We showed them chess games and they became unbeatable opponents; we made them read our texts and they began to write; They also learned to paint and retouch photographs. Has anyone doubted that artificial intelligence cannot do the same with speech and music?
Google’s research division introduced AudioLM (paper), a framework for generating high-quality sound that remains constant over the long term. To do this, it starts from a recording of just a few seconds, and is capable of extending it naturally and coherently. More particularly, she achieves it without having been trained with previous transcripts or annotations even though the generated speech is syntactically plausible and semantically plausible. Furthermore, it maintains the identity and prosody of the speaker to the point where the listener cannot tell which part of the audio is original and which part has been generated by artificial intelligence.
The examples of this artificial intelligence are striking. Not only is it capable of reproducing articulation, pitch, timbre, and intensity, but it is also capable of capturing the sound of the speaker’s breath and forming meaningful sentences. If it’s not from a studio sound, but from a sound with background noise, AudioLM plays it back for continuity. You can listen to more samples on the AudioLM website.
An artificial intelligence trained in semantics and acoustics
What it’s like ? Generating audio or music is nothing new. But the method devised by Google researchers to solve the problem is as follows. Semantic markers are extracted from each audio to encode a high-level structure (phonemes, lexicon, semantics…), and acoustic markers (speaker identity, recording quality, background noise…). With this data already processed and understandable for artificial intelligence, AudioML begins its work by establishing a hierarchy in which it first predicts semantic markers which are then used as constraints to predict the acoustic markers. These are then reused at the end to turn the bits into something humans can listen to.

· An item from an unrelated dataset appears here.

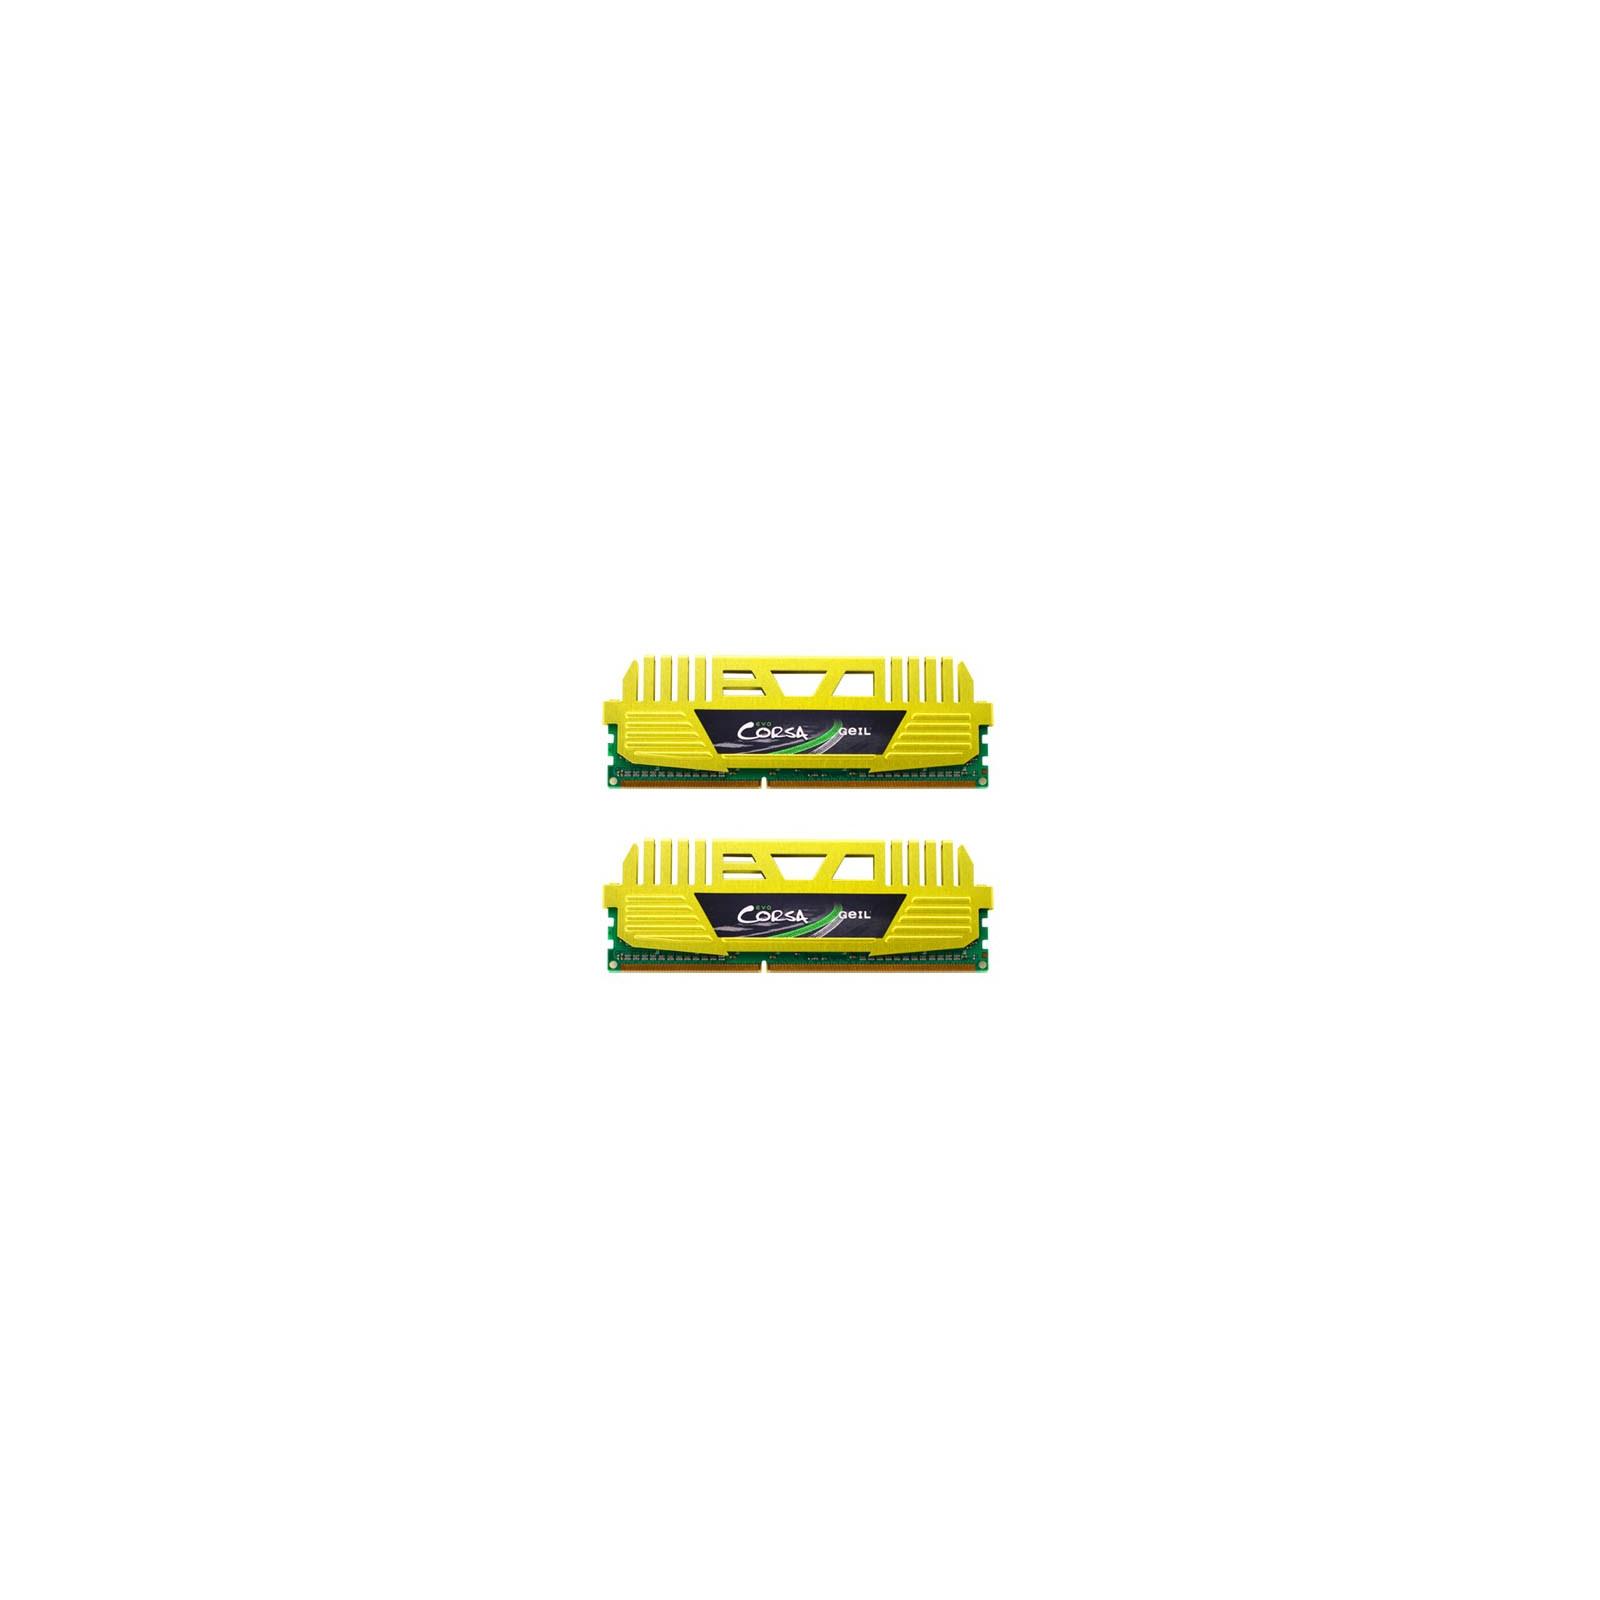 Модуль памяти для компьютера DDR3 4GB (2x2GB) 2133 MHz GEIL (GOC34GB2133C11DC)

This semantic separation of acoustics and its hierarchy is not only a beneficial practice for training language models to generate speech. According to the researchers, it is also more efficient when it comes to processing piano compositions, as they show on their website. It is much better than models that only train with acoustic markers.
The most important thing about AudioLM’s artificial intelligence is not that it is able to chase speeches and melodies, but that it can do everything at the same time. It is then, a unique language model that can be used to convert text to speech a robot could read entire books and give voiceover professionals a break or make any device capable of communicating with people using a familiar voice. This idea has already been explored by Amazon, which has considered using the voices of your loved ones in its Alexa speakers.
Exciting or dangerous?
Software like Dalle-2 and Stable Diffusion are great tools for sketching out ideas or generating creative assets in seconds, like the illustration used on the cover of this article. Audio can be even more important, and one can imagine that several companies use an announcer’s voice on demand. Movies could even be dubbed with the voices of deceased actors. The reader may wonder if this possibility, although exciting, would not be dangerous. Any audio recording could be manipulated for political, legal or judicial purposes. According to Google, while humans struggle to detect what is human intelligence and what is artificial intelligence, a computer can detect whether the audio is organic or not. In other words, it is not only the machine that can replace us but to enhance their work, it will be essential to have another machine.
For now, AudioLM is not open to the public, it is just a language model that can be integrated into different projects. But this demo, along with OpenAI’s Jukebox music program, shows how quickly we’re entering a new world where no one will know, or care, if that photo was taken by a person or if there’s a person or a voice. in off artificially generated on the screen. other end of the line in real time.